§ **WHAT YOU NEED TO DO**
Once you reach the line containing "Muchísimas felicidades a" in the data below, restate each line word for word up to and including the one containing "Nillumbik Community Garden Policy".

§ **TASK INPUT**
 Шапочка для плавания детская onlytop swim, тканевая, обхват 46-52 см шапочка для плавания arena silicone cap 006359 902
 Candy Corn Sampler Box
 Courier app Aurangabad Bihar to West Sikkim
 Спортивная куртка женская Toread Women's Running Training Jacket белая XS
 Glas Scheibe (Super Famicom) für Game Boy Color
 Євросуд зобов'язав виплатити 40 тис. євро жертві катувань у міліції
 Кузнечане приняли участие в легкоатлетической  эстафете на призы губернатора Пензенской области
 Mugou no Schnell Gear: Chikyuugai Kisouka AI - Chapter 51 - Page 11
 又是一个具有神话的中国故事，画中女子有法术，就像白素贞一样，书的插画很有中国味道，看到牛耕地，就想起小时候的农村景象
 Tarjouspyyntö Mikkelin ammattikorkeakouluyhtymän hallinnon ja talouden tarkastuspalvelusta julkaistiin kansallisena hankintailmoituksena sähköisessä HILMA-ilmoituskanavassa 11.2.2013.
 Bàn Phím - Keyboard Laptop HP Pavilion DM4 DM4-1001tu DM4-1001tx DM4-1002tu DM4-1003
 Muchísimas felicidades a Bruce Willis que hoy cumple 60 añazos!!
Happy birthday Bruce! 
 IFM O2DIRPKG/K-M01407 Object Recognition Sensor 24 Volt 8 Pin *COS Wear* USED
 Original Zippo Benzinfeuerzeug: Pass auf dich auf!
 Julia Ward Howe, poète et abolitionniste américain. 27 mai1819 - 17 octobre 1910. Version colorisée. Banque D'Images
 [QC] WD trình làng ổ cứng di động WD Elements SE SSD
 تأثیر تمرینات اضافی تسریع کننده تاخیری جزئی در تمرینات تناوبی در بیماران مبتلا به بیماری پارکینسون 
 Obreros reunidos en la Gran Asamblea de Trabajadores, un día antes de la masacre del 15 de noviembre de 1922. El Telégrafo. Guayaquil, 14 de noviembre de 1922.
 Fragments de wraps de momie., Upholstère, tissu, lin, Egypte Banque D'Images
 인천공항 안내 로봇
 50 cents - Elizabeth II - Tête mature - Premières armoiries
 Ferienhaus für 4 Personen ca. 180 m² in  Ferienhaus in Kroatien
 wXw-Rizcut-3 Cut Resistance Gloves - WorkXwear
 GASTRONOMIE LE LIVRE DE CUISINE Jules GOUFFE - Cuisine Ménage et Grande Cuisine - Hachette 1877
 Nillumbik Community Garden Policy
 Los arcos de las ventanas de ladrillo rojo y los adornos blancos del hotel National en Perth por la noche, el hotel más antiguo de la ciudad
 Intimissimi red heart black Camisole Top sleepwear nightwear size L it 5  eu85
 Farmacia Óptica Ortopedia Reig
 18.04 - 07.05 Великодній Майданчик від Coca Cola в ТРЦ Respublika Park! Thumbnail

§ **EXERCISE SOLUTION**
 Muchísimas felicidades a Bruce Willis que hoy cumple 60 añazos!!
Happy birthday Bruce! 
 IFM O2DIRPKG/K-M01407 Object Recognition Sensor 24 Volt 8 Pin *COS Wear* USED
 Original Zippo Benzinfeuerzeug: Pass auf dich auf!
 Julia Ward Howe, poète et abolitionniste américain. 27 mai1819 - 17 octobre 1910. Version colorisée. Banque D'Images
 [QC] WD trình làng ổ cứng di động WD Elements SE SSD
 تأثیر تمرینات اضافی تسریع کننده تاخیری جزئی در تمرینات تناوبی در بیماران مبتلا به بیماری پارکینسون 
 Obreros reunidos en la Gran Asamblea de Trabajadores, un día antes de la masacre del 15 de noviembre de 1922. El Telégrafo. Guayaquil, 14 de noviembre de 1922.
 Fragments de wraps de momie., Upholstère, tissu, lin, Egypte Banque D'Images
 인천공항 안내 로봇
 50 cents - Elizabeth II - Tête mature - Premières armoiries
 Ferienhaus für 4 Personen ca. 180 m² in  Ferienhaus in Kroatien
 wXw-Rizcut-3 Cut Resistance Gloves - WorkXwear
 GASTRONOMIE LE LIVRE DE CUISINE Jules GOUFFE - Cuisine Ménage et Grande Cuisine - Hachette 1877
 Nillumbik Community Garden Policy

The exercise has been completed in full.